Wednesday, January 21, 2015

Nonverbal Communication and Dating



"Does he like me? He keeps checking his phone. Maybe he's waiting for someone to call. Why are his arms crossed? Is it cold? Maybe I should put on my sweater..."


                These types of thoughts are not uncommon to women who often overanalyze the actions of their date. In fact, both men and women try to understand each other through the body language they are displaying. Another term used to describe such body language is the term, "nonverbal behavior." Nonverbal behavior is any and all behavior except actual words themselves. In the world of nonverbal behavior, there are five main types of behaviors that are observed.  Physical appearance, proxemics (space and territorial aspects), kinesics (movement), paralanguage (tone of voice), and haptics (touch) are all nonverbal behaviors that can be noted when observing someone. On a first date, one is often wondering how the other person is really feeling.  By analyzing these type of nonverbal behaviors, one can figure if, in fact, the other person is truly interested. 
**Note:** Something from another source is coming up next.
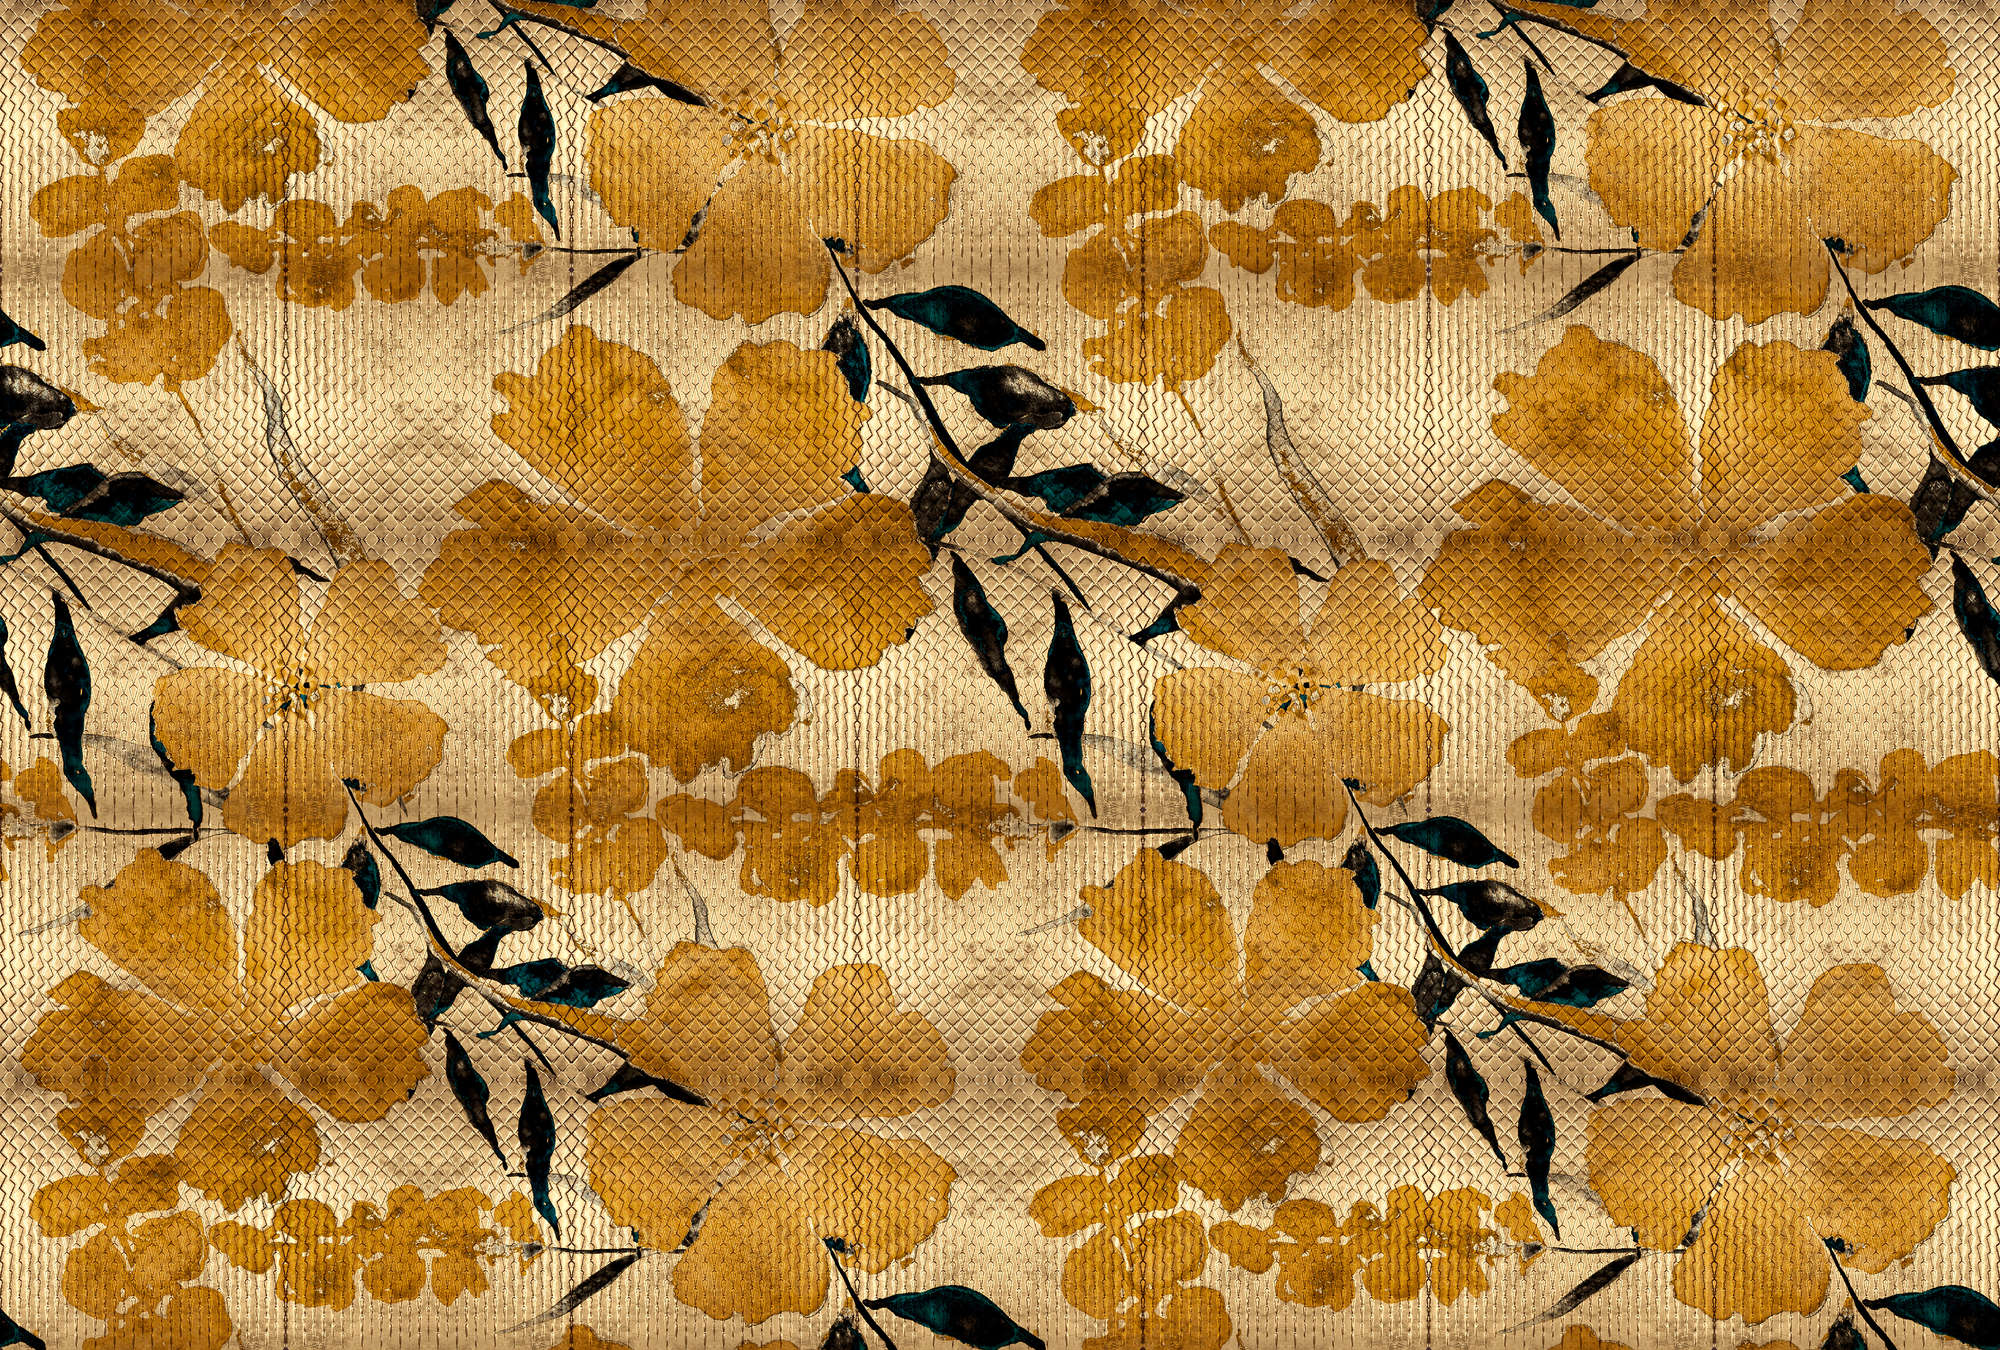             Odessa 1 - Metallic fotobehang met kersenbloesem patroon in goud

                The idea of intimacy and feeling connected to someone is often hard to achieve, especially when taking so many types of nonverbal behavior into consideration.  Furthermore, verbal communication is just as important as nonverbal communication. Making sure of touching someone to show interest is just as important as letting them know vocally. Overall, this makes the process of getting intimate quite extensive. Thinking about his arm placement, his tone of voice, where his attention is - all while still focusing on the conversation you are having at that moment is all too much to think about at once.


                So, how do you balance verbal and nonverbal communication? An article recently published in the New York Times, "No.37: Big Wedding or Small?" is an article that explains how asking 36 specific questions can make two people more intimate. The questions focus on mutual vulnerability and how such vulnerability can actually bring two people closer together. The 36 questions are broken down into three uneven sets in which the sets get more and more personal as it goes on. Question 1 begins with the question, "Given the choice of anyone in the world, whom would you want as a dinner guest?" This is a very straightforward question that is completely reliant on verbal behavior because you are expected to directly ask it. However, as you move on, question 8 asks, "Name three things you and your partner appear to have in common." This question is directly asking you to observe your partner. In other words, certain types of nonverbal behavior can be observed. Physical appearance, for instance, would be an easy similarity to note. Whether or not you both like the same style of clothing is something that is viewable.


                The article continues to explain a series of other questions that would help make a deep connection with someone. For instance, question 18 asks, "What is your most terrible memory?" Questions such as these would cause people to share more than they are used to. I know I would feel more connected to someone who knew my personal history. Therefore, these questions aim to make verbal behavior effective.  Question 29 states, "Share with your partner an embarrassing moment in your life." This question, I believe shows how you can share emotional moments, which creates an emotional connection with the other person.  After stabilizing this connection over 36 questions, the instructions dictate to stare into the other person's eyes for four minutes. This action even furthers the connection that has been created and is an example of nonverbal communication. Though no words are being exchanged, by staring into someone's eyes you are conveying a form of understanding and interest.  This is why on dates, it is common knowledge that if the other person is making eye contact, it is a signal of interest and attraction. Nonverbal communication and verbal communication, when combined as explained in the article, is a very effective method to construct a relationship.